Dan Ash1, Bashar Al-Qaisieh, David Bottomley, Brendan Carey, Joji Joseph.   

Abstract

BACKGROUND AND
PURPOSE: Many patients with localised prostate cancer present with symptoms of benign prostatic hypertrophy (BPH) and require neoadjuvant hormone therapy to shrink the gland before brachytherapy. The impact of this hormone therapy has been evaluated in 667 patients treated with Iodine seed monotherapy. PATIENTS AND METHODS: Prospective data from 667 patients treated between 1995 and 2001 by I-125 seeds prostate implant as monotherapy were analysed. The mean age was 63 years (42--77 years). Three hundred and forty-six (51.9%) patients had a short course of neo adjuvant hormone therapy and 321 (49.1%) did not. The prescribed minimum peripheral dose was 145 Gy (TG 43). Patients were followed up to a maximum of 8.2 years and a minimum of 18 months. Statistical analysis was performed to identify factors that would predict PSA relapse-free survival (PSA-RFS) defined by the American Society for Therapeutic Radiology and Oncology (ASTRO).

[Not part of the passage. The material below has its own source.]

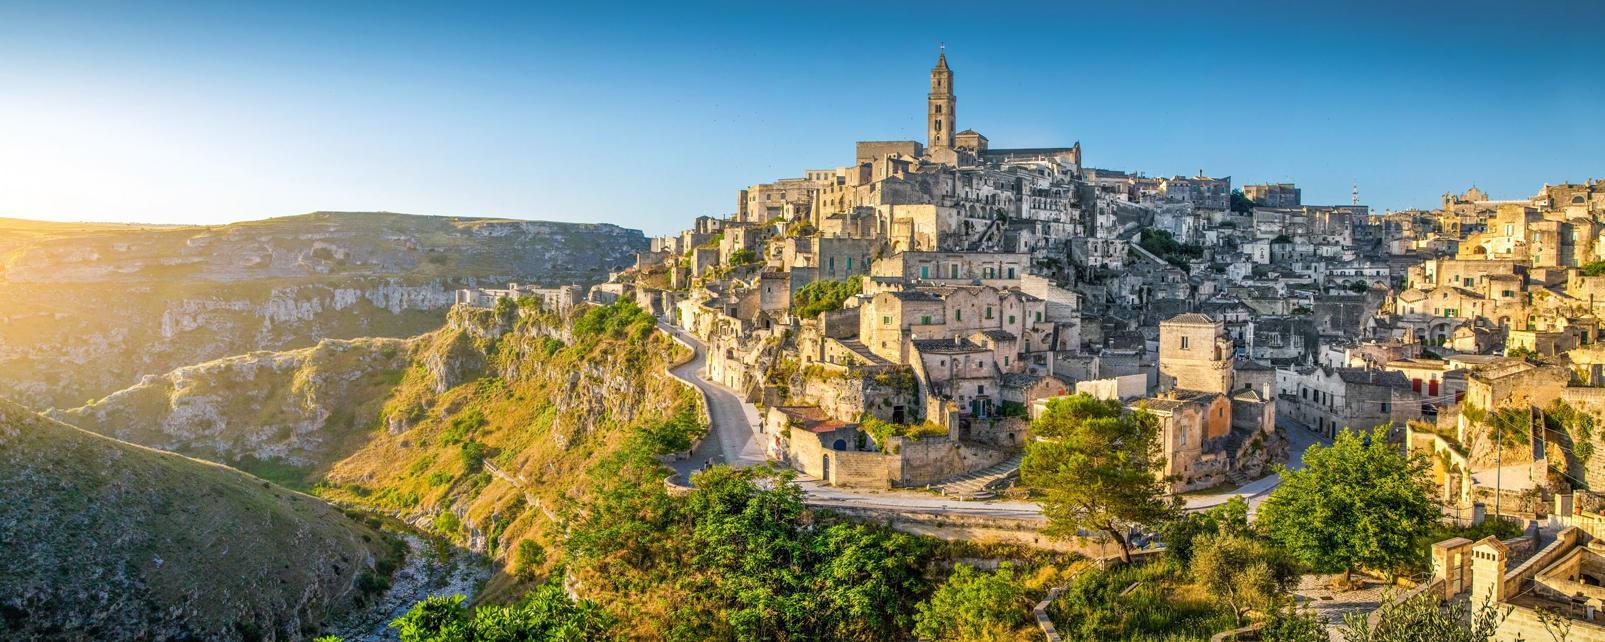 Basilicata Urlaub Sehensw 252 Rdigkeiten Easyvoyage

RESULTS: Overall the PSA relapse-free survival is 76.1 and 72.6% for patient cohorts being on pre-treatment hormones and not, respectively (P=0.107). Subdivided into risk groups the low risk group showed 92.5% PSA-RFS with hormones and 75.1% without (P=0.327). The intermediate group 75.7% with hormones and 72.9% without (P=0.148) and for the high-risk group 51.1% with and 51.1% without hormones (P=0.942). Evaluation of post-implant dosimetry in patients with and without hormone therapy showed that the D90 for those who received hormone therapy was 130.8 Gy compared with 145.1 Gy for those who did not (P<0.001). This may be related to the degree of oedema at the time of post-implant dosimetry. The CT to ultrasound prostate volume ratio was 1.17 for patients who received hormone therapy and 0.98 for those who did not (P<0.001). It is suggested that in the interval between stopping hormone therapy and doing post-implant dosimetry there was an increase in prostate volume, which results in a lower D90. Significant correlation was found between D90 and prostate volume on post-implant CT dosimetry with higher D90s for small volume prostates (P<0.001).
CONCLUSIONS: Overall hormone therapy had no significant effect on outcome. The apparent lower D90 in hormone treated patients may be related to a change in volume between pre-implant and post-implant dosimetry.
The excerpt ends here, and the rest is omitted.